The leases are contiguous to the BP Badami Unit and ExxonMobil Point Thomson Unit and adjoin the northern border of the AVCG/Brooks Range Petroleum acreage. Infrastructure associated with these fields, such as roads, pipelines and processing units are about five miles away if a future discovery is made.

Fox Petroleum is seeking to acquire seismic, gravity and magnetic data to tie in with existing well logs and other data.

Fox chief executive Richard Moore says, "This entire area is hot. Historically there are reports supporting over half a billion barrels of oil and trillions of cubic feet of gas recoverable in and around the Point Thomson and Badami fields.
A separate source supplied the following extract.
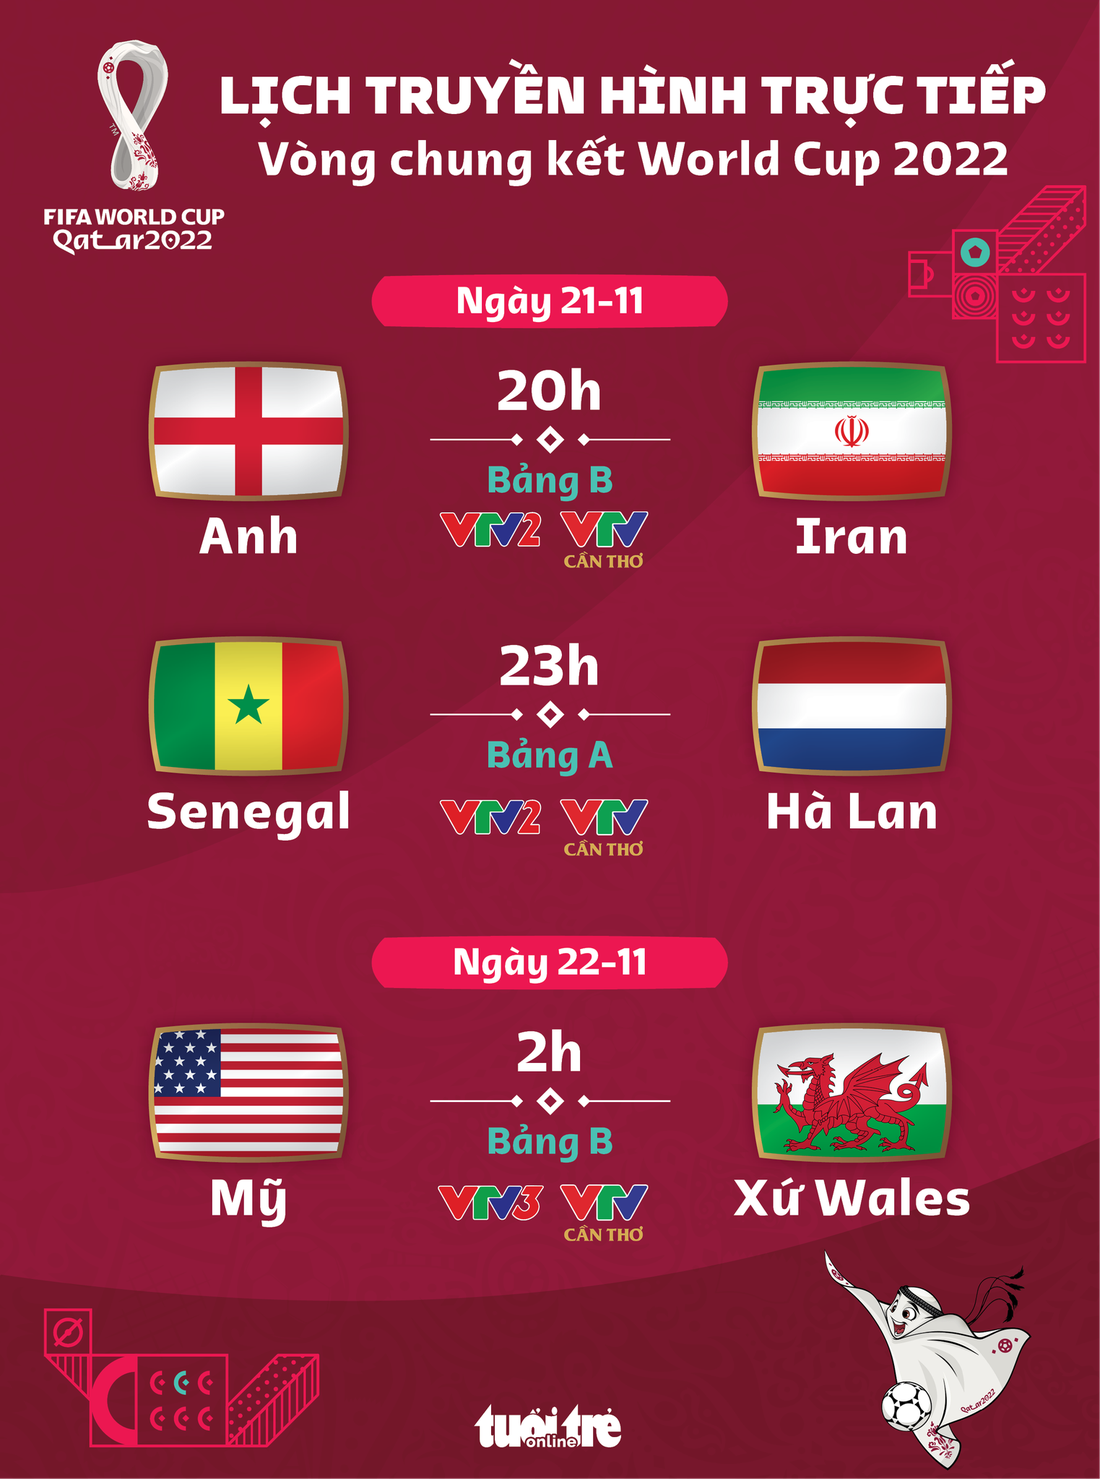 Lịch trực tiếp World Cup 2022 ngày 21-11: Anh - Iran, Senegal - Hà Lan và Mỹ - Xứ Wales - Ảnh 1.

This season our neighbors, Savant Alaska and Brooks Range, are conducting seismic surveys on a huge scale, and have identified real prospects for drilling in 2008."

GeoResources Inc., Houston, (Nasdaq: GEOI) has acquired all of the limited partner interest in an affiliated partnership from an undisclosed financial institution for $91.1 million.

The assets double GeoResouces' reserves and production base, and include oil and gas properties in Louisiana, the Gulf Coast, South Texas, the Permian Basin and the Black Warrior Basin. Production is approximately 5.2 million cubic feet of gas and 1,096 barrels of oil for a total 1,962 barrels of oil equivalent per day. Proved reserves are 16.3 billion cubic feet and 4.9 million barrels of oil for a total 7.6 million barrels equivalent.

GeoResources was the general partner of the affiliated partnership and operator of a majority of the properties. The company also plans to divest certain existing and acquired noncore properties to reduce debt and streamline operations.

GeoResources chief executive Frank A. Lodzinski says, "This acquisition is immediately accretive and doubles the size of the company in terms of reserves, production, revenues and cash flow. Importantly, it can be operated without additional staffing."

The company funded the acquisition with its senior secured revolving credit facility.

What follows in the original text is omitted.